DALLAS, TX, October 9, 2014 – A jury has completely cleared Dallas-based surgical group Texas Vascular Associates, PA, and nine affiliated doctors who were accused of Medicare fraud and insurance fraud by former employee Cortez Mills, who was fired.

The unanimous verdict in Cortez Mills v. Texas Vascular Associates, PA, et al., No. CC-12-04630-D, was handed down late on October 7, 2014 by Judge Ken Tapscott in Dallas County Court at Law No. 4. Ms. Mills filed the lawsuit in 2012, shortly after being fired by Texas Vascular for gross misconduct and insubordination.

Ms. Mills claimed she was fired for refusing to engage in insurance fraud and Medicare billing fraud when she worked at Texas Vascular as a medical coder for two years. Texas Vascular denied the allegations in their entirety, and said Ms. Mills’ claims were completely fabricated and that she was fired for an out-of-control outburst on the last day she worked there, which included threats to her supervisors, profanity and other outrageous behavior. Jurors unanimously rejected Ms. Mill’s claims after finding that Texas Vascular and the accused doctors had not violated the law and did nothing wrong.

“In Texas, we call this kind of lawsuit a shakedown. Ms. Mills was trying to intimidate our client with bogus claims, a self-aggrandizing media blitz, and the threat of bad publicity all for her own personal gain. This effort did not succeed because these allegations had no basis in the facts or the law,” says Dallas attorney Thomas M. Melsheimer of Fish & Richardson, who served as trial counsel to Texas Vascular and the physicians along with fellow firm principals Steven H. Stodghill and Natalie L. Arbaugh.  Matthew Scott, of the Kendall Law Group, was counsel for Ms. Mills.

During the five-day trial, the Texas Vascular legal team presented evidence showing exactly how the group’s billing practices are conducted, including the many insurance requirements and medical regulatory hurdles that are consistently cleared by the group’s doctors and staff.

Texas Vascular has consistently maintained that Ms. Mills’ lawsuit was filed because she had an ax to grind.

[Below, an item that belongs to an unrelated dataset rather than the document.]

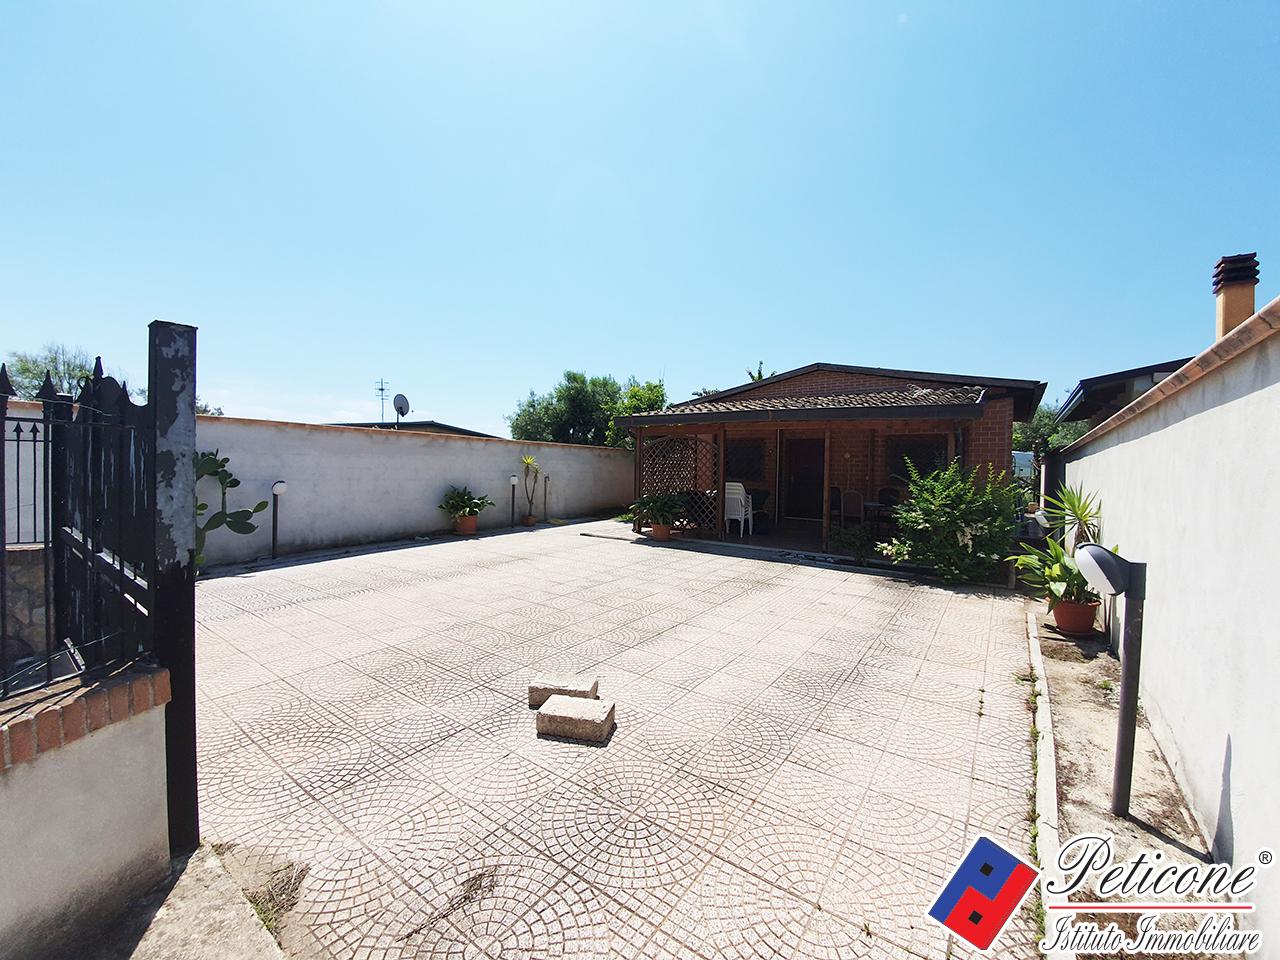 Villa in Vendita a Fondi: 4 locali, 50 mq - Foto 13
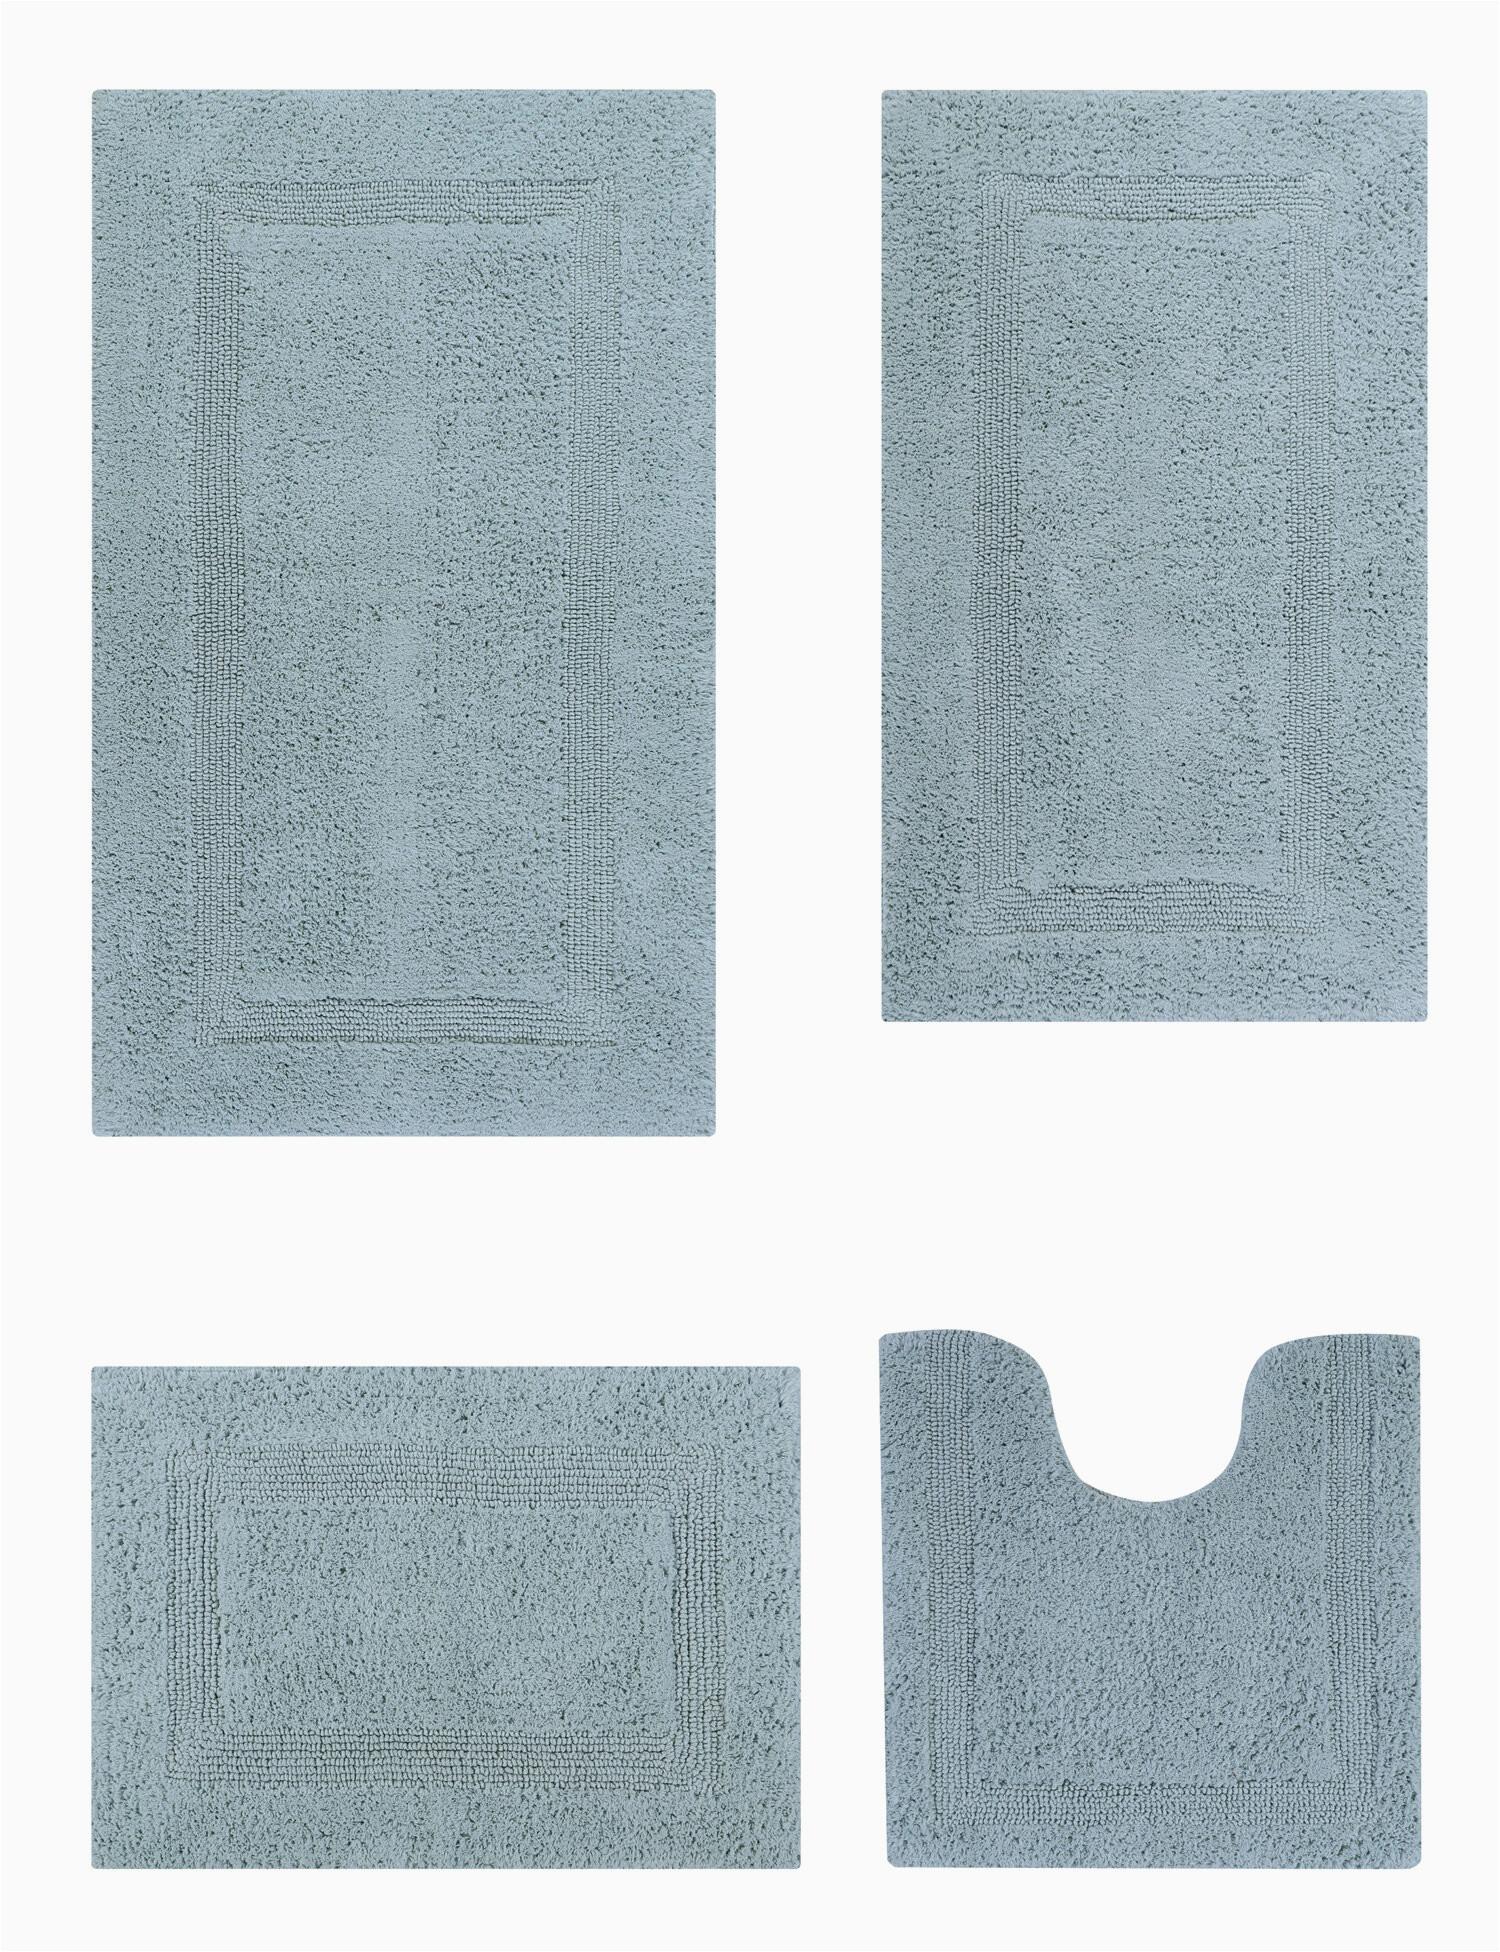 ebern designs 4 piece adelen ultra soft plush and absorbent 100 cotton bath rug set w004267929

The Texas Workforce Commission (TWC) rejected Ms. Mills’ claims for unemployment benefits three times, most recently on Oct. 19, 2012, after finding that her behavior on her last day of work more than justified her termination. In their decision, TWC Commissioners fully adopted the fact findings from the previous hearing, including the conclusion that Ms. Mills’ testimony was “evasive.”